Northpass incident
End users experiencing issues when interacting with courses
Northpass experienced a notice incident on September 11, 2025 affecting Northpass App - AWS, lasting 1h 41m. The incident has been resolved; the full update timeline is below.
Affected components
Update timeline
- investigating Sep 11, 2025, 08:24 PM UTC
End users are experiencing issues when interacting with courses
- identified Sep 11, 2025, 08:42 PM UTC
We've identified the issue and are working towards a resolution.
- identified Sep 11, 2025, 09:43 PM UTC
We are continuing to work on resolving this issue.
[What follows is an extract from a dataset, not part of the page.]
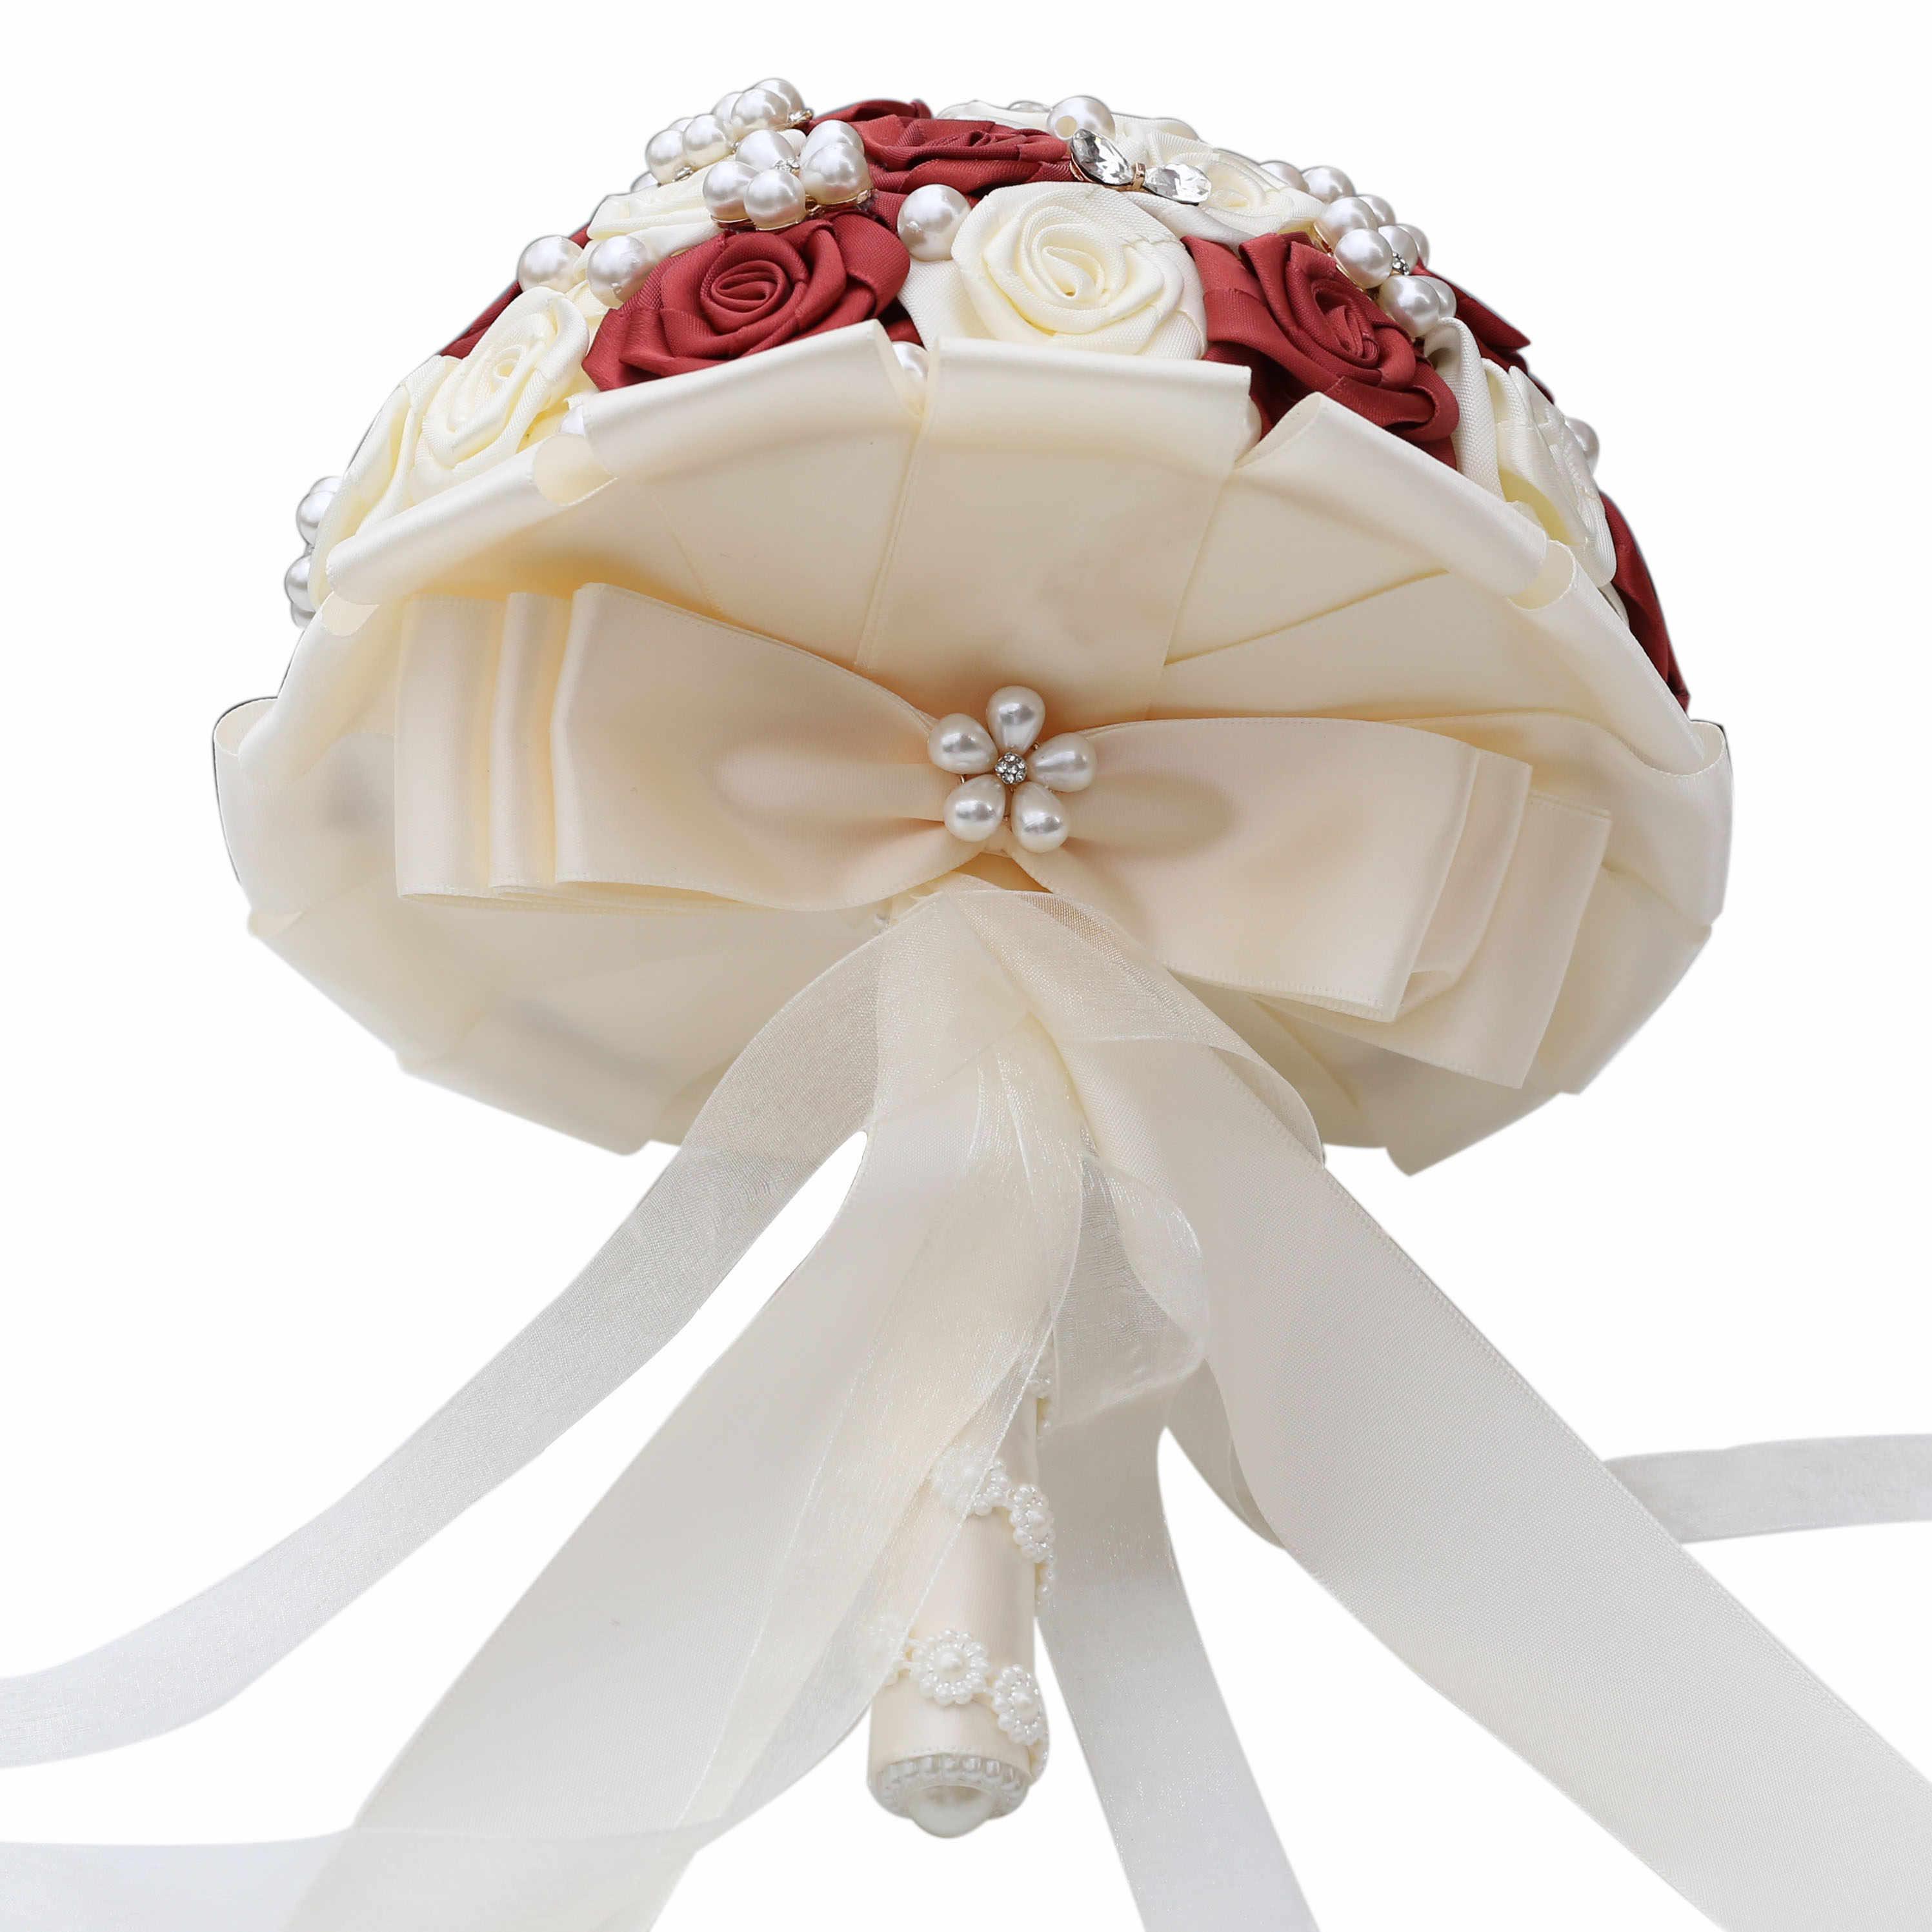 21 Cm Disesuaikan Buatan Mutiara Kristal Pernikahan Karangan Bunga Bridesmaid Tangan Memegang Bunga Sutra Pita Pengantin Pernikahan Bouquet W128
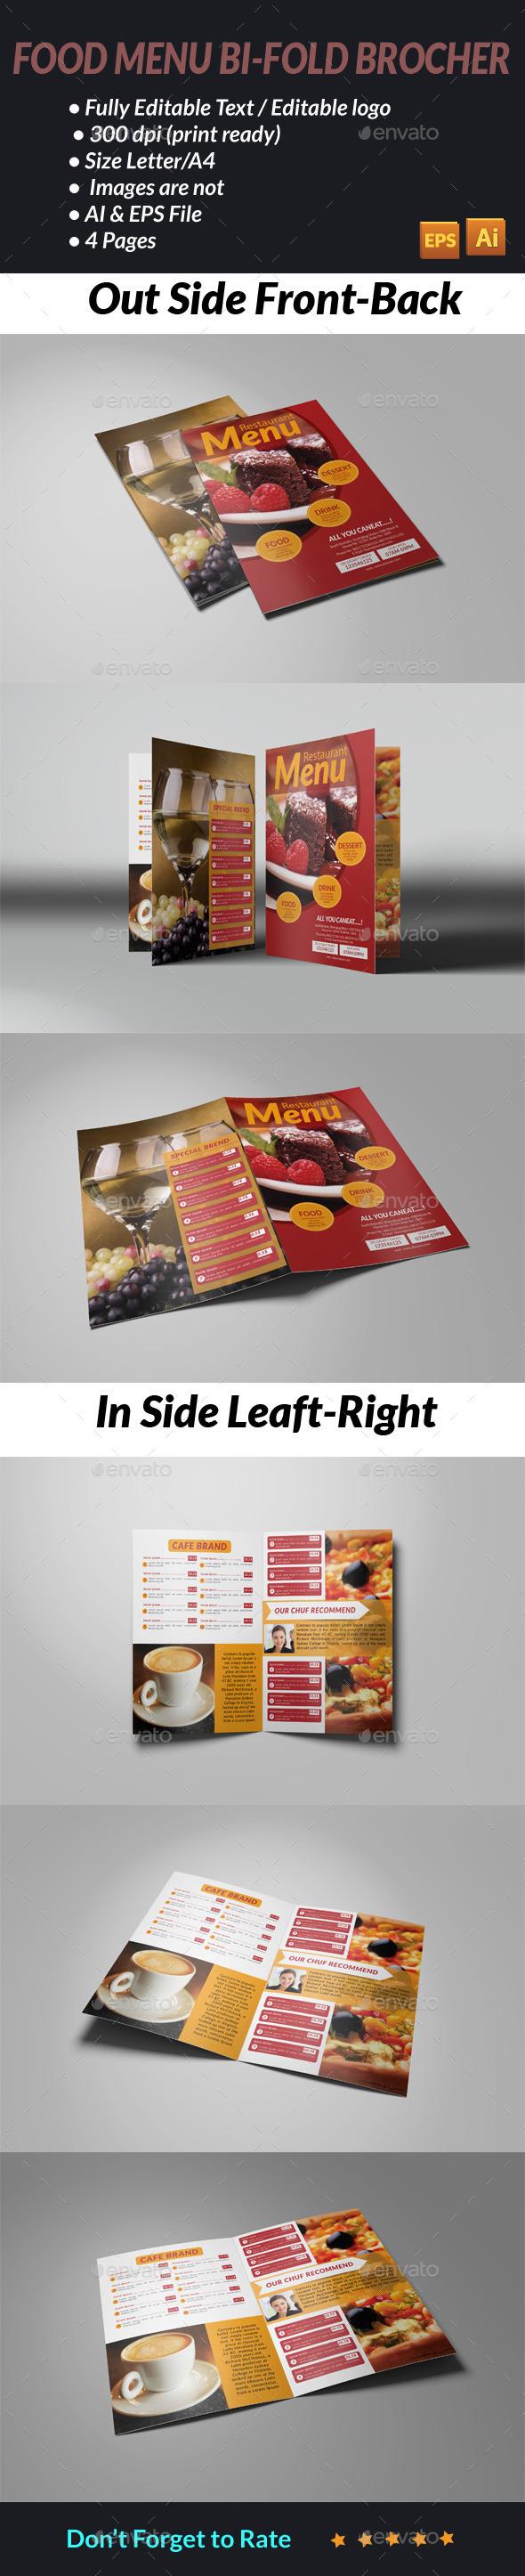 Food Menu Bi fold Brochure - Food Menus Print Templates

- monitoring Sep 11, 2025, 10:14 PM UTC
A Fix has been implemented and we are monitoring the results.
- resolved Sep 11, 2025, 10:23 PM UTC
This incident have now been resolved, we apologize for the service interruption. Our team is hard at work on delivering on our promised transparency, we will provide the postmortem of this issue within 48 hours.
- postmortem Sep 12, 2025, 02:15 PM UTC
On September 11, 2025, our platform experienced intermittent disruptions impacting our AWS-hosted customers. These disruptions affected our end-users' ability to interact with courses. The issue was traced to an automated deployment process that unintentionally updated certain backend services to incompatible versions. This created temporary mismatches between services and led to periodic failures. Azure-hosted customers were not affected. ### Impact * Duration: 2 hours \(16:24 - 18:23 EDT\). * Pattern: Cyclic issues every few minutes with brief automatic recovery periods. * Symptoms: Users experienced difficulties accessing courses, completing activities, and general course interactions. * Affected users: All AWS-hosted customers during problematic service version combinations. ### Root Cause Our deployment automation tool was querying the docker registry for the latest images, but received inconsistent results due to the large number of images in our registry \(suspected registry API limitation\). This caused the automation to cycle through different microservice image combinations approximately every 10 minutes, creating incompatible service versions that disrupted the interdependent functionality required for course interactions. ### Resolution Our team cleaned up the docker registry by removing old images, significantly reducing the total number of images. This stabilized our deployment automation process and eliminated the cycling behavior. ### Next steps to preventing recurrence Implement automated docker image cleanup policy to maintain registry hygiene.